Let Q be a magma with the right or left inverse property. Then every element in \(A_{\mu }\cup B_{\mu }\cup C_{\mu }\cup D_{\mu }\) is both a left and right alternative element.

Proof

We prove this lemma for magmas with the right inverse property using Lemma 2.7; the proof for magmas with the left inverse property is a mirror of this proof by using Lemma 2.8.

Let \(a\in A_{\mu }\). Then, by Lemma 2.1, \(aa \cdot x = aa \cdot (xa^{-1} \cdot a) = a \cdot (a \cdot xa^{-1})a = a \cdot a(xa^{-1} \cdot a) = a \cdot ax\); hence a is a left alternative element. The proof that a is a right alternative element uses the mirror of the proof above, and Lemma 2.7(iii) and Corollary 2.2. The proof for the case \(a\in B_{\mu }\) follows from Corollary 2.2.

Suppose \(a\in C_{\mu }\). Then, by using identity \((C_{\mu })\) and Lemma 2.1, \(a(x\cdot aa)= (ax \cdot a)a = (a\cdot xa)a=a(xa\cdot a)\). Use Lemma 2.7(i) for left cancelation of a to prove that a is right alternative. a is left alternative by Lemma 2.3.

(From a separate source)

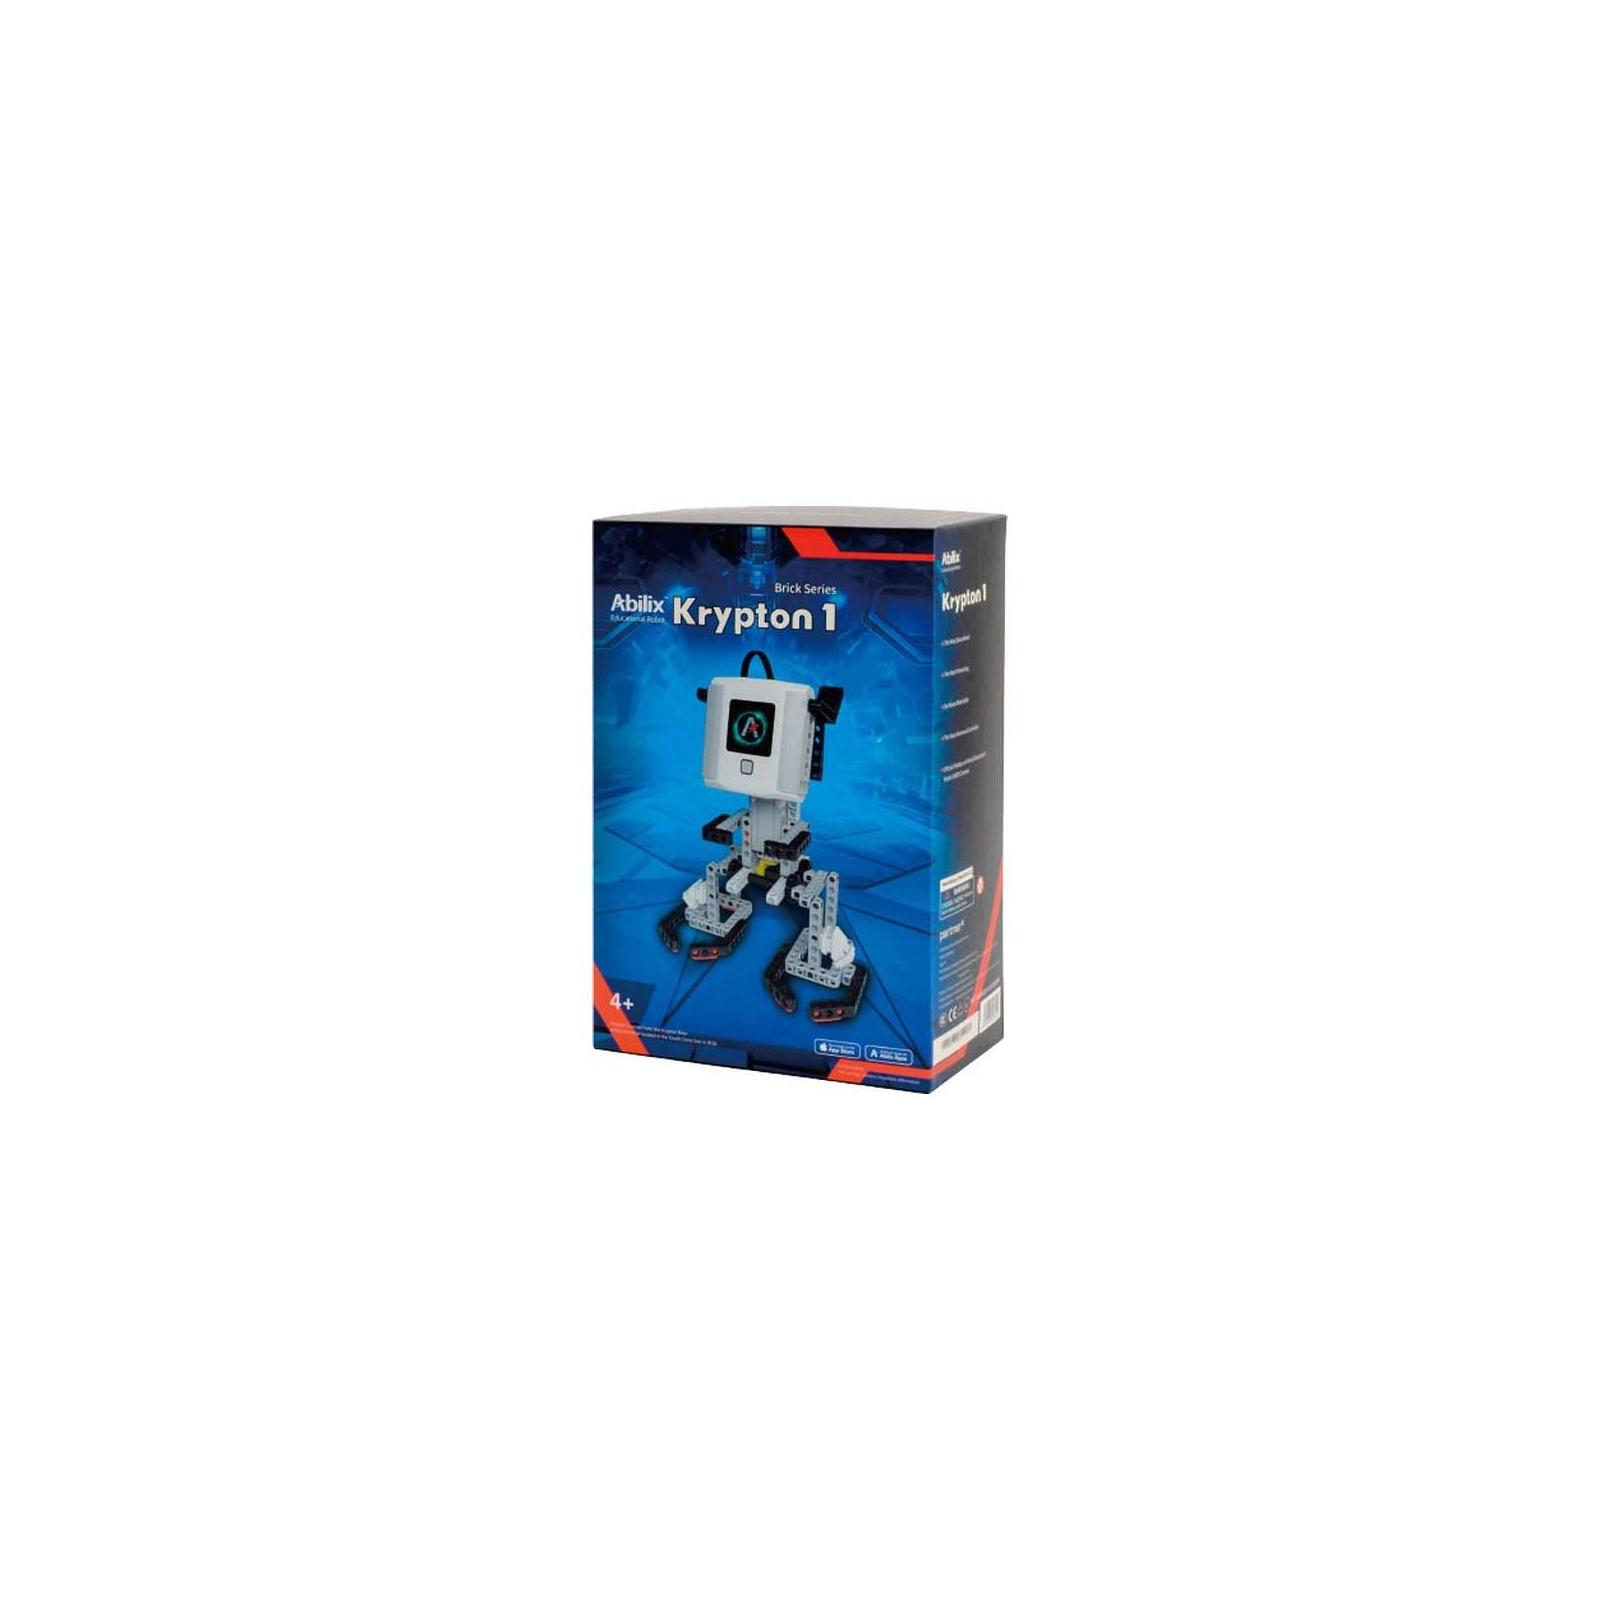 Робот Abilix Krypton 1 (Krypton_1) изображение 9

The proof that every element in \(D_{\mu }\) is left alternative is a mirror of the proof that every element in \(C_{\mu }\) is right alternative by using identity \((D_{\mu })\) and Lemma 2.1, and Lemma 2.6 in the place of Lemma 2.8(i). \(a\in D_{\mu }\) is right alternative by Lemma 2.3. \(\square \)

Lemma 2.11

Let Q be a magma with the right or left inverse property. Then \(a\in A_{\mu }\) if and only if \(a^{-1}\in A_{\mu }\). Likewise, \(a\in B_{\mu }\) if and only if \(a^{-1}\in B_{\mu }\), \(a\in C_{\mu }\) if and only if \(a^{-1}\in C_{\mu }\), and \(a\in D_{\mu }\) if and only if \(a^{-1}\in D_{\mu }\). Moreover, \(a \cdot xa^{-1}=ax \cdot a^{-1}\) and \(a^{-1} \cdot xa=a^{-1}x \cdot a\) for all \(a \in A_{\mu }\cup B_{\mu }\cup C_{\mu }\cup D_{\mu }\) and \(x \in Q\).

Proof

We begin by proving the third statement of this lemma for a magma Q with the right inverse property. Let \(a \in B_{\mu }\) and \(x,y \in Q.\) By Lemma 2.1, the \((B_{\mu })\) identity and Lemma 2.9, \(a\cdot (a^{-1}x\cdot ya^{-1})a = a(a^{-1}x\cdot ya^{-1})\cdot a = (a\cdot a^{-1}x)(ya^{-1}\cdot a) = xy\). Multiplying both sides by \(a^{-1}\) on the left, and then by \(a^{-1}\) on the right, Lemma 2.9 gives \(a^{-1}x\cdot ya^{-1}= (a^{-1}\cdot xy)a^{-1}\). So \(a^{-1}\in B_{\mu }\). Hence, if \(a^{-1}\in B_{\mu }\), then \((a^{-1})^{-1}=a\in B_{\mu }\). The proof for the case \(a\in A_{\mu }\) follows from Corollary 2.2.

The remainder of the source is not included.